SINGAPORE - The Urban Redevelopment Authority (URA) launched the sale of a plum site in Marina View on Monday morning (June 28), after an unnamed developer undertook to bid at least $1.508 billion for it.
The white site, which is intended for a mixed-use development with residential, hotel, commercial and/or serviced apartments, comes under the reserve list of the first-half 2021 Government Land Sales programme.
The public tender for the land parcel will close at 12pm on Sept 21.
Any tender below the minimum bid price of $1.508 billion - which works out to $1,379 per square foot per plot ratio (psf ppr) - will not be accepted.
The site can yield 905 private residential units, 2,000 sq m in gross floor area (GFA) of commercial space and 540 hotel rooms.
Located in the Central Business District, near the upcoming Shenton Way MRT station, the Marina View site should benefit from the future Greater Southern Waterfront development, which extends from Pasir Panjang to Marina East.
An entity linked to IOI Properties Group was reportedly the party that triggered the release for sale of the site, according to The Business Times.
When contacted on Monday, a spokesman for the group declined comment.
The Malaysia-listed group is developing another white site in Central Boulevard, which it acquired for about $2.57 billion in November 2016 after triggering its release for sale with a minimum bid of $1.536 billion. That worked out to a land rate of $1,689 psf ppr.
IOI Properties told The Straits Times on Monday that its IOI Central Boulevard Towers is "progressing and is slated to be completed by the third quarter of 2023".
Located near Lau Pa Sat and four MRT stations - Downtown, Marina Bay, Raffles Place and Shenton Way - the predominantly office project will offer 1.25 million sq ft of Grade A office space in two towers. Typical office floor plates will range from 21,700 sq ft to 25,400 sq ft.

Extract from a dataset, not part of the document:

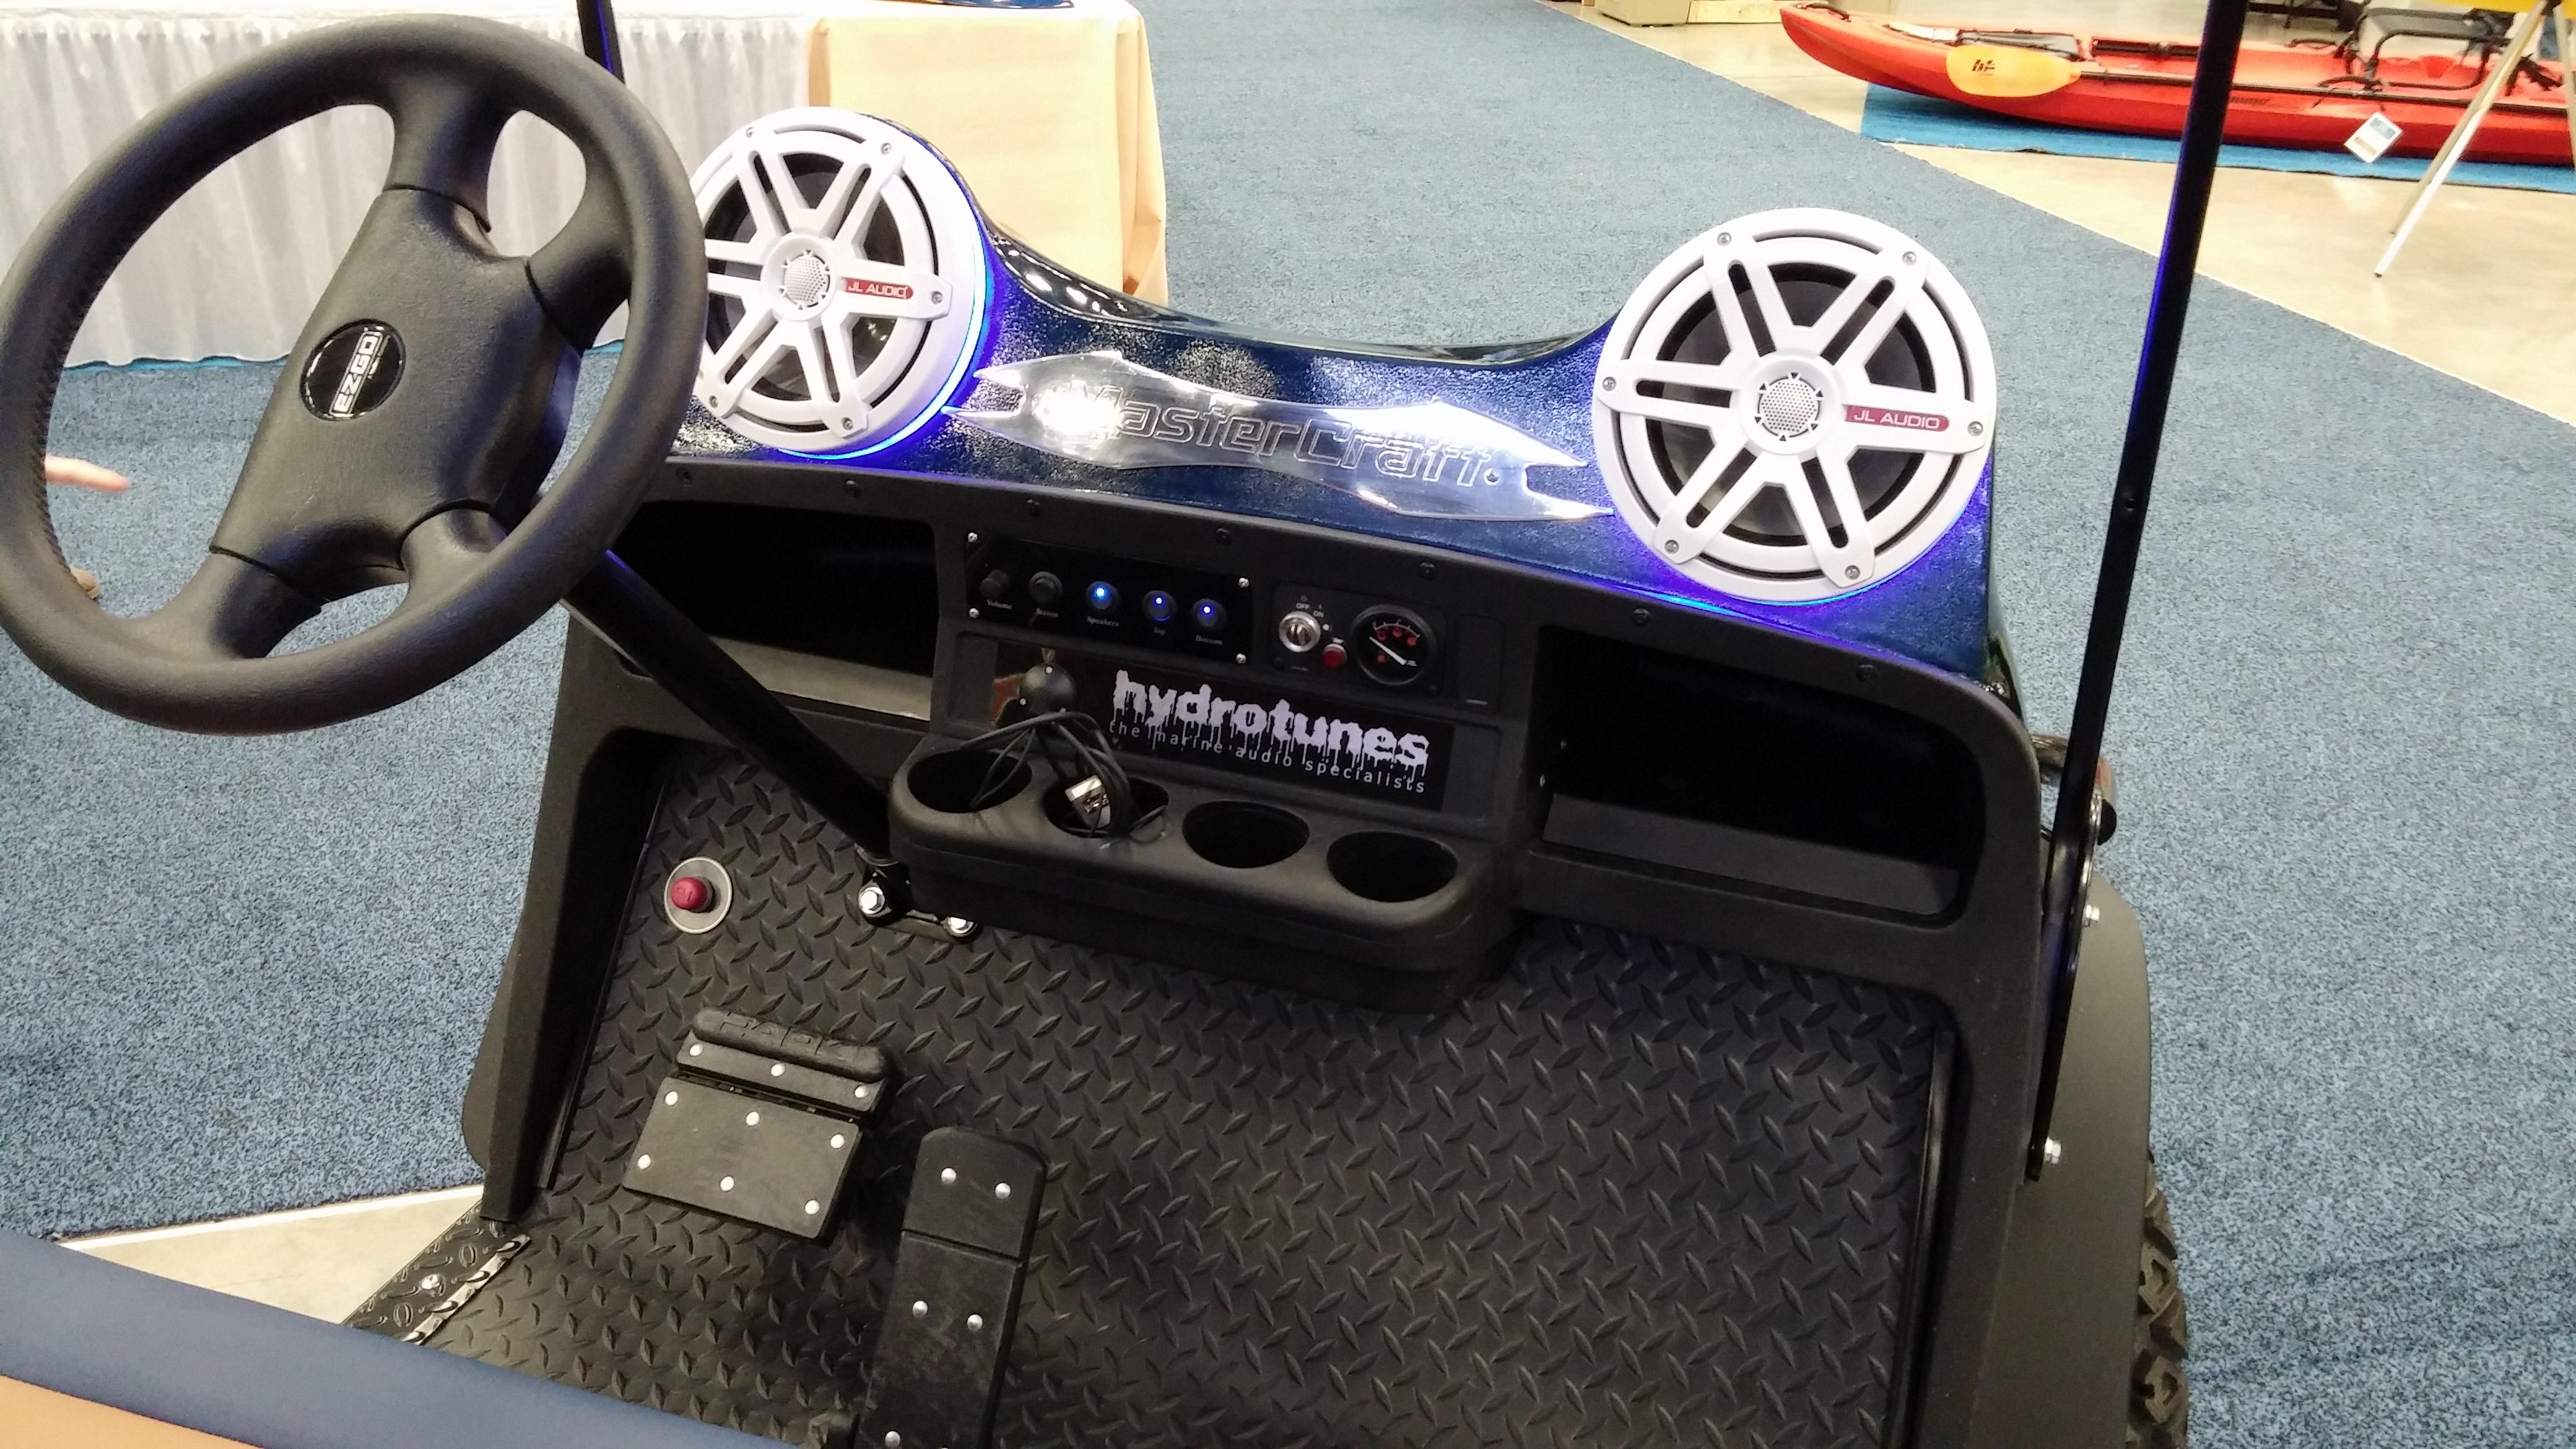 2014 EZGO S4 Golf Car - Hydrotunes Mastercraft X30 Inspired ... Golf Cart Speaker Location on golf cart remote control, golf cart wiring, golf cart material, golf cart width, golf cart color,

The project, which includes an urban sky park and food and beverage outlets, will also have 30,000 sq ft of retail space.
Mr Wong Xian Yang, Cushman & Wakefield's head of research, Singapore, noted that the Marina View white site is different as it is envisaged for a residential and hotel development, with a small retail component.
"Therefore, the main play here is on the growth of the private residential market in the CBD and the recovery of the hotel market... With more family offices setting up shop in Singapore, demand for prime residential units within the CBD is expected to rise," he said.
PropNex chief executive Ismail Gafoor said the site could garner good interest given a limited supply of new homes in the prime district, particularly the downtown core, amid plans to "inject vibrancy in the Marina Bay area and ensure the Central Business District does not become a ghost town after work hours".
The 99-year parcel comprises two plots - a 7,817.6 sq m land parcel and an 18 sq m underground space. In all, the site has a maximum GFA of 101,629 sq m.
He added: "The Marina View site has the potential to become a trophy project for a developer in downtown Singapore. Given the sizeable financial commitment required for the site, developers may join forces to bid for it via a joint venture to manage risk."
Developers can take advantage of the flexibility of the commercial white use to propose uses such as co-working office spaces or entertainment venues, Mr Ismail said.
"As the development will include... the equivalent to a mid-sized hotel establishment, it will make sense to incorporate meeting and convention facilities, perhaps even medical facilities that allow for routine Covid-19 testing and vaccinations as part of the new normal going forward," he said.
PropNex's head of research and content Wong Siew Ying said that compared with the Central Boulevard site, developers may be more interested in the Marina View site due to the limited supply of residential units in the prime district.
The site could potentially attract five to eight bids, and fetch a top bid of between $1,650 and $1,750 psf ppr. That will work out to a land price range of about $1.8 billion to $1.91 billion, she said.